Les fées ne se sont pas penchées sur mon berceau, et je n'ai pas de dons particuliers. Mon existence est ordinaire. Une vie semblable à celles de toutes les vieilles tortues de mon espèce. Mais comme elles, je laisse des traces dans le sable, traces que je devine plus que je ne les vois, avec le recul du temps, dans la lumière rasante du matin. Ce sont ces traces, et celles de toutes les vieilles tortues mes congénères, que je voudrais traquer, retenir et transmettre. Est-ce une volonté pour le moins excessive, ou simplement un voeu pieux ?

08/09/2011

Livres de chevet

Papiers collés, de Georges Perros, Gallimard

Il y a des livres qui ne sont jamais loin de nous. Nous ne les ouvrons, le plus souvent, qu'assez peu. Il nous suffit de les savoir à portée de main, rangés un peu à part, une étagère spéciale pour ces compagnons silencieux, quelquefois cachés aux regards indiscrets. Enfin, silencieux ! c'est à voir. Ils continuent de nous raconter des choses de nous, du monde comme il va (mal), et de notre place dans ce monde malheureux. Ce matin, j'ai relu la préface du T.2 des Papiers collés. "Ce n'est pas tous les jours qu'on peut parler de tous les jours". Et aussi : "... je me sers d'un matériau sans transcendance, rampant, sans références; pari dangereux, voire imbécile. Mais je vais toujours, on dirait par vice, au mot le plus usé, le plus  clochard, le plus chargé; ce n'est pas l'amour des mots entre eux que je recherche, non, mais plutôt leur aptitude à se refiler la même maladie". Perros à lire, et à relire, pour comprendre son écriture, pour s'en nourrir. Je voudrais tout citer. Encore ceci : "Il y a chez l'homme un trop et un pas assez qui fait que reste toujours sur le tapis un définitif laissé-pour-compte. Son image ?" Les livres de Perros sont incitatifs. À la réflexion, à la lecture, à la relecture. 

07/09/2011

Quotidiens

Des générations qui m'ont précédée, je possède quelques traces écrites.

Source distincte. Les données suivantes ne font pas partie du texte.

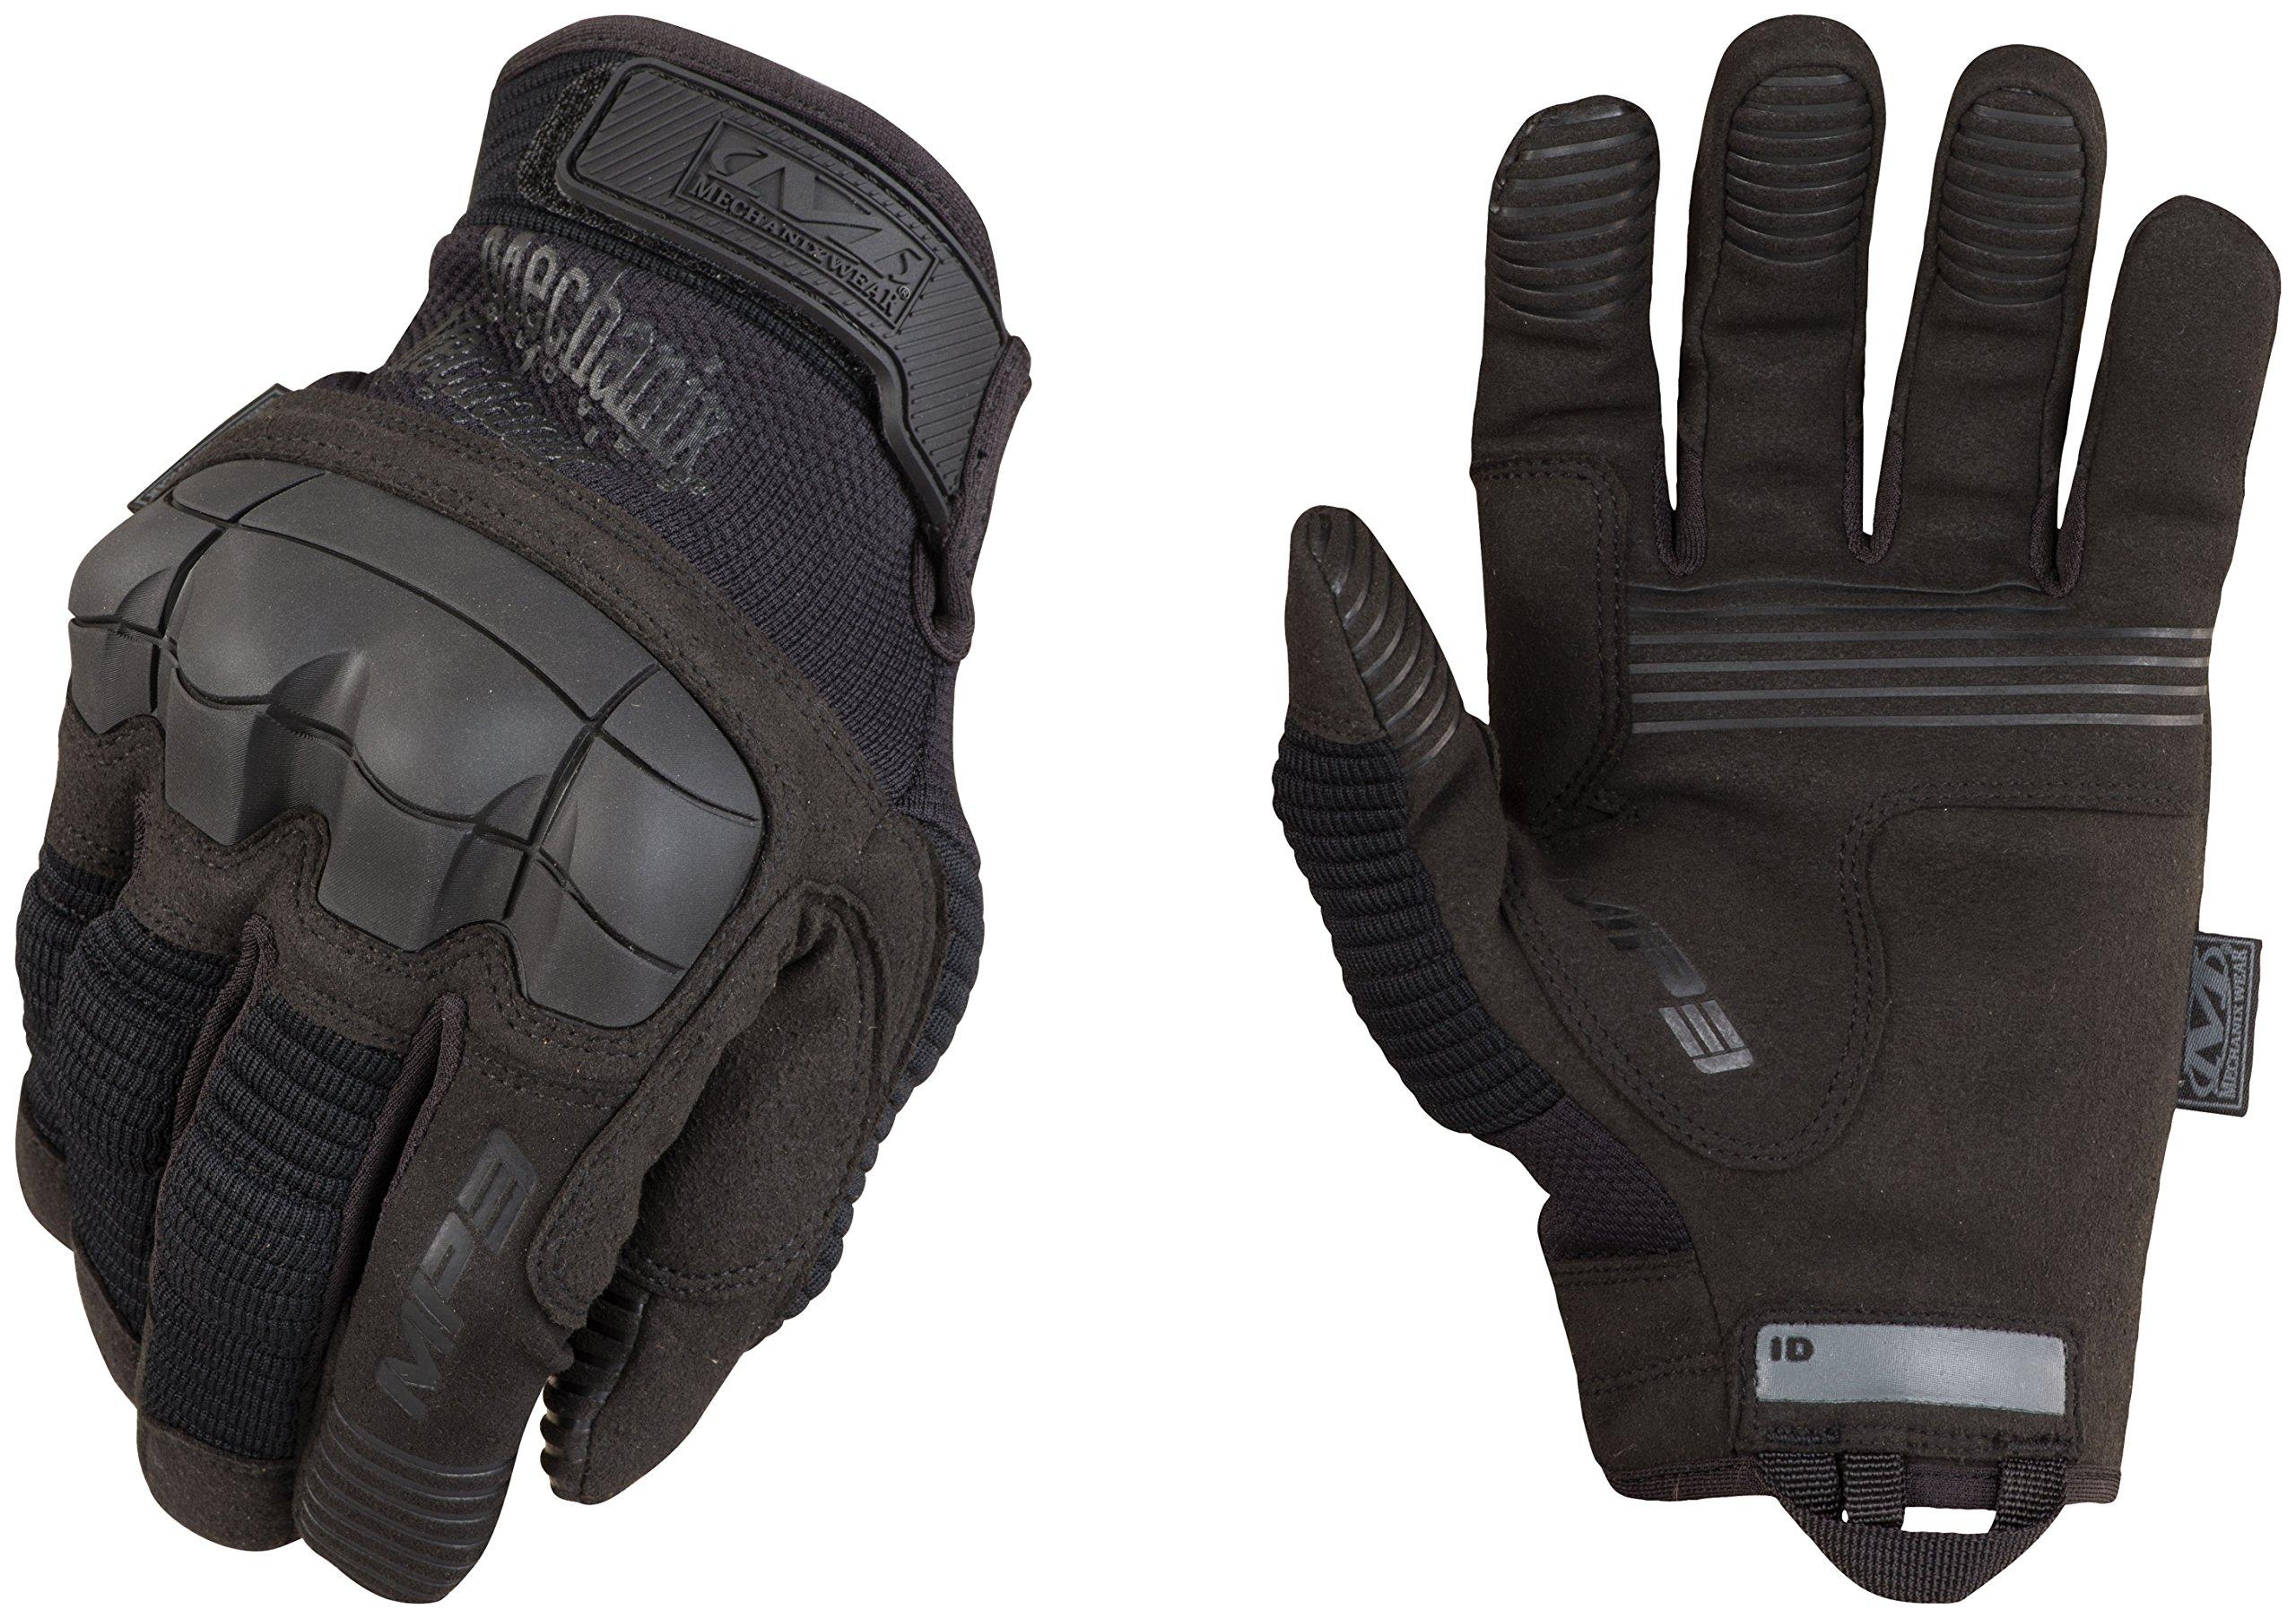 Mechanix Wear - M-Pact 3 Covert Tactical Gloves (Medium, Black)

Ma mère notait chaque jour le nombre de repas servis au restaurant (le registre couvre 45 ans d'activité). Il y a des lacunes dans cette continuité : naissance des enfants, maladies, décès. Elle avait aussi un carnet secret, que je n'ai connu qu'après sa mort, le carnet des dettes. Mon grand père paternel, voiturier, notait sur un petit carnet les courses à faire. Mais à la fin de sa courte vie, il notait aussi sa perte de poids, événement plus tragique que le reste, et les dates de ses visites au médecin. Mon père inscrivait chaque jour, d'une très fine et élégante écriture, le nombre de kilomètres parcourus, la consommation de carburant et d'huile, les dates de vidange et de changements de pneumatiques. Pendant la grande guerre, il a noté, toujours très brièvement, dans un minuscule carnet, les lieux de cantonnement, les permissions, le nombre d'obus tirés au plus fort d'une attaque, et aussi qu'il avait fait des "fotos". Plus tard, il calculait le soir le cubage des grumes transportées dans la journée, à l'aide d'un petit manuel de cubage à couverture cartonnée, dans des carnets de format oblong. Combien de billes par voyage ? Mon arrière grand-père, qui se disait "quabaretier' tenait un registre pour les consommations non payées par les habitués. Ma grand-mère aussi avait un registre pour les vieux clients, qui payaient au mois, ou ne payaient pas… Et je revois ma sœur aînée établissant chaque soir "la note", qui réglait la fabrication de la pâtisserie du lendemain. Tant de chaussons, tant de croissants, tant de tartes aux pommes etc… Je lis ces carnets, ces registres, ces cahiers, je devine plus que je ne comprends ces quotidiens déjà tellement éloignés de moi. Des vies jalonnées de petites écritures ordinaires, que l'on ne songe guère à conserver la plupart du temps, mais qui me racontent, à moi dépositaire de hasard, des existences de labeur et de sous péniblement gagnés.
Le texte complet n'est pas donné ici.